Isn't that the DVD where the credits say Bruson but the pictures show Cappuccilli?


----------



## MAuer (Feb 6, 2011)

guythegreg said:


> Isn't that the DVD where the credits say Bruson but the pictures show Cappuccilli?


This is on CD. Perhaps the label that released the video with Domingo and Ricciarelli confused the two recordings, since they share the same tenor and soprano, and inserted Bruson's name in error. But thanks for the tip about the video -- it sounds very appealing, and I always liked Reri Grist.


----------



## Cavaradossi (Aug 2, 2012)

My significant other was in NYC last week and saw the friday _Ballo_ with a friend. The consensus was the voices were magnificent, and the sets and costumes were magnificent, but the two aspects did not mesh together well. Guess I'll get a chance to decide for myself at the HD screening.
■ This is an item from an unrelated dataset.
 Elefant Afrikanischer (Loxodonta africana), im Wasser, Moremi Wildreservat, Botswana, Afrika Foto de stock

FWIW, he also went to the Dimi/Sandra CD signing at the Met Store. Apparently Dimi walked out at some piont because fans continued to ask for photos despite his pre-announced no-photo request. No means no, and I'm sure he had his reasons, but well.... disappointing. The SO did meet (and take a photo with) Ms. Radvanovsky who was charming and cordial.


----------



## sospiro (Apr 3, 2010)

Dima has said publicly that the part of his job he hates the most is meeting fans. I can understand a woman not wanting to be photographed if she feels she doesn't look her best but a bloke?


----------



## Cavaradossi (Aug 2, 2012)

sospiro said:


> Dima has said publicly that the part of his job he hates the most is meeting fans. I can understand a woman not wanting to be photographed if she feels she doesn't look her best but a bloke?
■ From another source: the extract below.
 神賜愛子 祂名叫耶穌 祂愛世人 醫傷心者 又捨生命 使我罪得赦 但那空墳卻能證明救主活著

Well after this photo, apparently from the backcover of their duo CD, I wouldn't blame either of them for being camera shy.  Sandra looked ravishing, BTW.


----------



## tyroneslothrop (Sep 5, 2012)

guythegreg said:


> Well, awaiting your thoughts after whoever is here sees the Met broadcast!


For us movie theater going ones, this season, there is a feast of Un Ballo. Not only is there the upcoming Met broadcast, but only a month ago, Emerging Pictures' Opera in Cinema broadcast a wonderful production of this opera from the Teatro Regio di Torino. I will be looking forward to comparing them and definitely look forward to both Hvorostovsky and Radvanovsky, who I saw at the WNO only 3 months ago in their premiere of Anna Bolena singing the lead role.


----------



## guythegreg (Jun 15, 2012)

MAuer said:


> This is on CD. Perhaps the label that released the video with Domingo and Ricciarelli confused the two recordings, since they share the same tenor and soprano, and inserted Bruson's name in error. But thanks for the tip about the video -- it sounds very appealing, and I always liked Reri Grist.


Oh yeah, Grist runs away with it. Great, great performance.


----------



## guythegreg (Jun 15, 2012)

sospiro said:


> Dima has said publicly that the part of his job he hates the most is meeting fans. I can understand a woman not wanting to be photographed if she feels she doesn't look her best but a bloke?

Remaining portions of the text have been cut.